Weintraub reports receiving "consulting fees from Sanofi-Aventis, GlaxoSmithKline, Indigo Pharmaceuticals, and CV Therapeutics and grant support from Sanofi-Aventis, AstraZeneca, Otsuka, and Bristol-Myers Squibb"; disclosures for the other COURAGE coauthors and for the two editorialists are listed in the papers. Kaul and Weiner say they have no conflicts to disclose. Kereiakes reports grant and/or research support from Abbott/Bioabsorbable Vascular Solutions, Amylin Pharmaceuticals, Cordis/Johnson & Johnson, Boston Scientific, Medtronic, and Daiichi Sanyko; receiving consulting fees from Devax, Eli Lilly, Boston Scientific, Abbott Vascular Solutions, Medpace, and Cordis/Johnson & Johnson; and being on the Eli Lilly speakers' bureau.

Sources
  1. Weintraub WS, Spertus JA, Kolm P, et al. Effect of PCI on quality of life in patients with stable coronary disease. N Engl J Med 2008; 359:677-687.
  2. Boden WE, O'Rourke RA, Teo KK, et al. Optimal medical therapy with or without PCI for stable coronary disease. N Engl J Med 2007; 356:1503-16.
  3. Shaw LJ, Berman DS, Maron DJ, et al. Optimal medical therapy with or without percutaneous coronary intervention to reduce ischemic burden: results from the Clinical Outcomes Utilizing Revascularization and Aggressive Drug Evaluation (COURAGE) trial nuclear substudy. Circulation 2008; 117:1283-1291.
  4. Diamond GA, Kaul S. COURAGE under fire. On the management of stable coronary disease. J Am Coll Cardiol 2007; 50:1604-1609.
  5. Peterson ED, Rumsfeld JS. Finding the courage to reconsider medical therapy for stable angina. N Engl J Med 2008; 359:751-753.
  6. Kereiakes DJ, Teirstein PS, Sarembock IJ, et al. The truth and consequences of the COURAGE trial.

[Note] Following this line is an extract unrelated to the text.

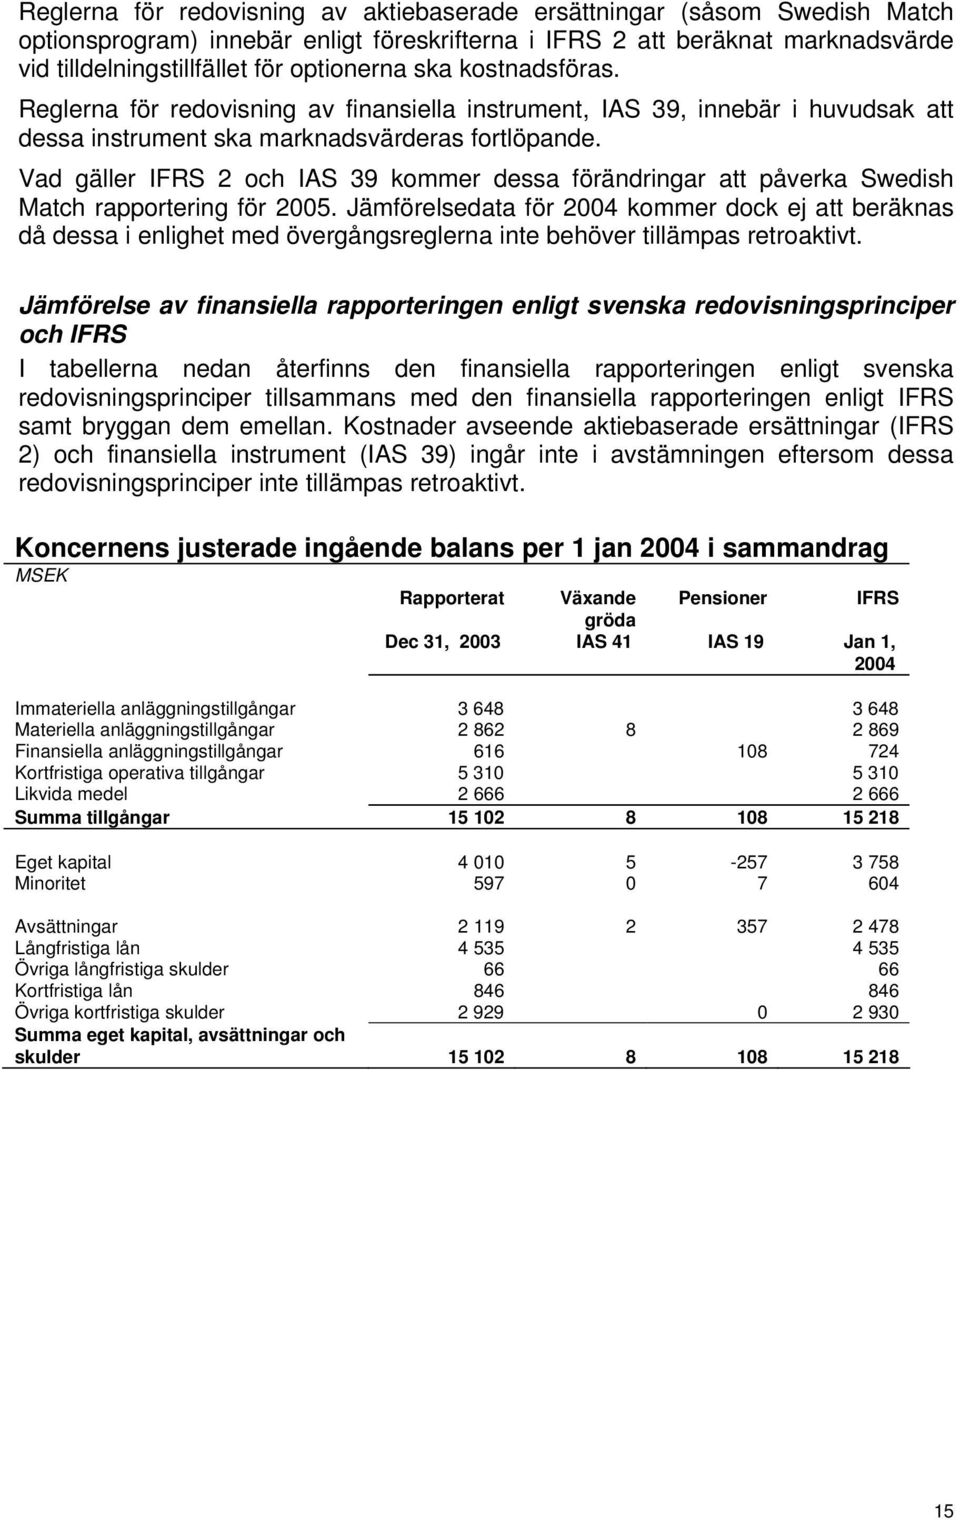 Vad gäller IFRS 2 och IAS 39 kommer dessa förändringar att påverka Swedish Match rapportering för 2005.

J Am Coll Cardiol 2007; 50: 1598-1603.



Your comments
COURAGE quality-of-life analysis: Slim early gains with PCI soon disappear
# 1 of 16
August 13, 2008 05:09 (EDT)
D Hackam
are you surprised...?
...that PCI applied to patients with chronic stable angina (as opposed to crescendo or medically refractory angina) could possibly provide a long-term quality of life benefit versus medical therapy?
# 2 of 16
August 13, 2008 07:05 (EDT)
Naveen R
ugh
PCI didn't surpass OMT more decisively because the trial used "bad PCI and unrealistically good medicine," Dr Dean J Kereiakes (Christ Hospital Heart and Vascular Center, Cincinnati, OH), coauthor of a published critique of the trial's methods [6], told heartwire.

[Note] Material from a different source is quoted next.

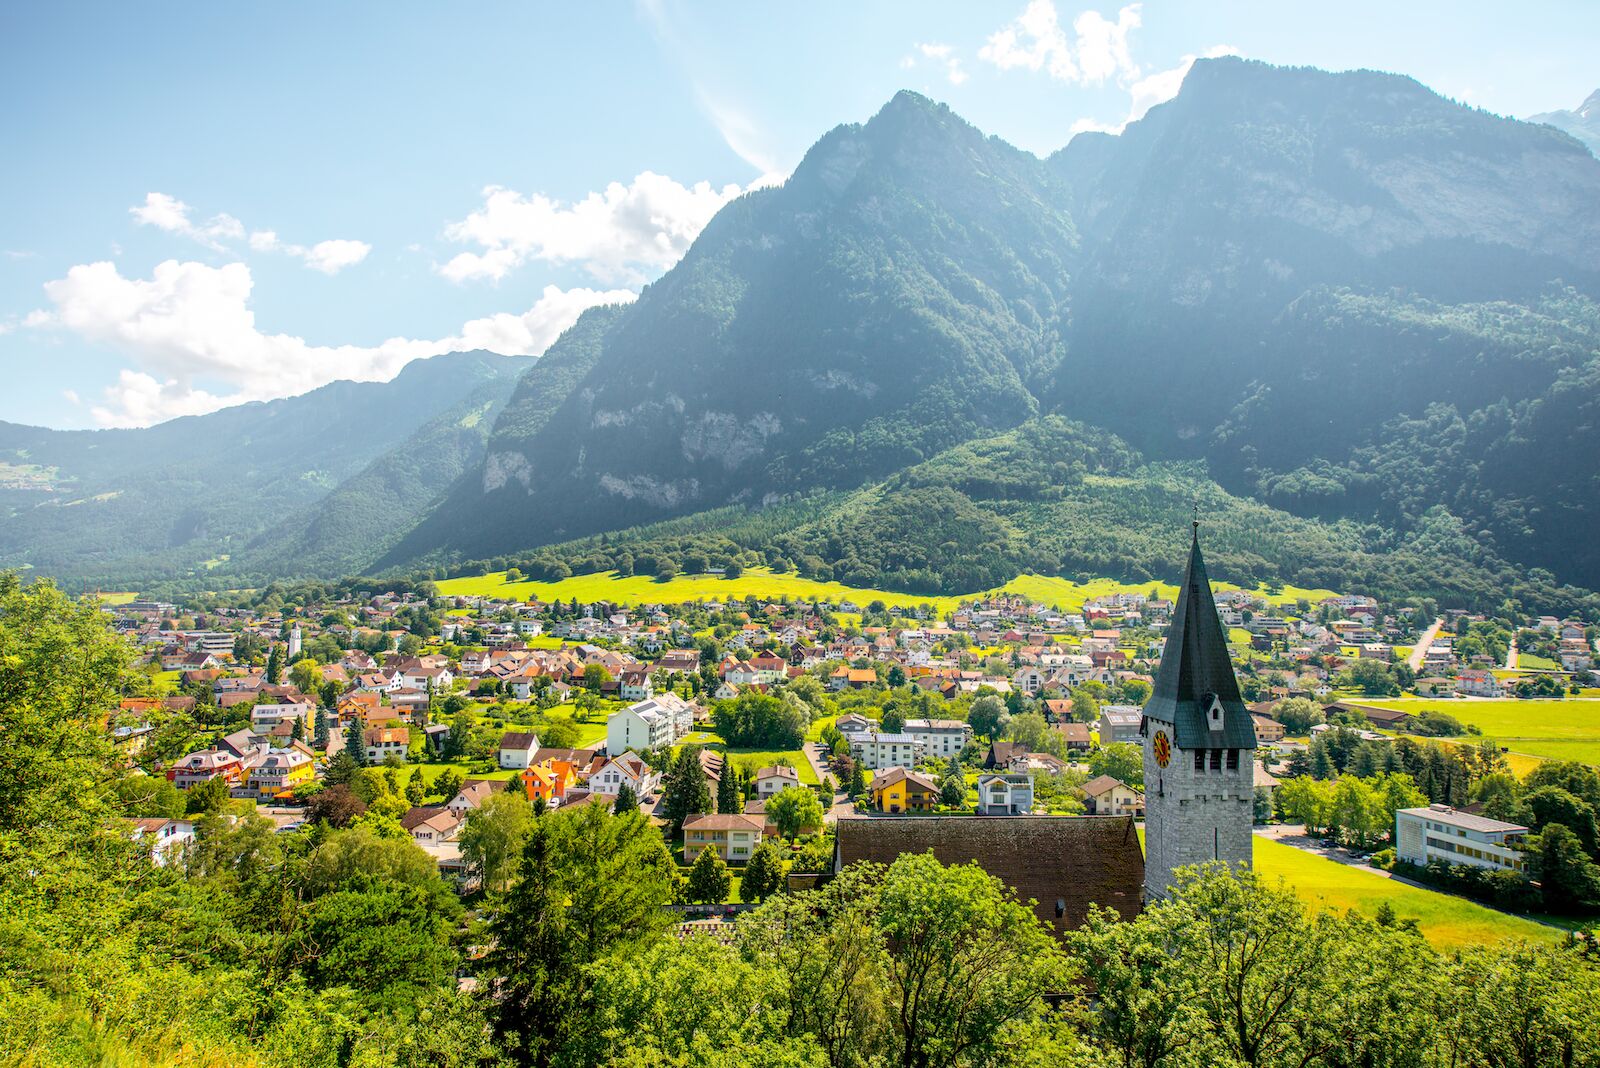 View of the town of Balzers in Liechtenstein

The only thing unrealistic is the idea that this study will curb the number of unncessary interventions done all in the name of RVUs..
# 3 of 16
August 14, 2008 06:19 (EDT)
con aroney
QOL should have been primary endpoint
No previous PCI vs medical therapy studies (ACME, MASS, MASS-II, RITA-2, TIME, AVERT) had suggested a reduction in death/MI; and in any case COURAGE was never powered to determine a difference in the primary endpoint (power estimate of 21% event rate in control group at 3 years; actual control event rate 11%), although the nuclear subtsudy (Circ 117:1283-91) strongly suggested a mortality benefit in patients with residual ischemia.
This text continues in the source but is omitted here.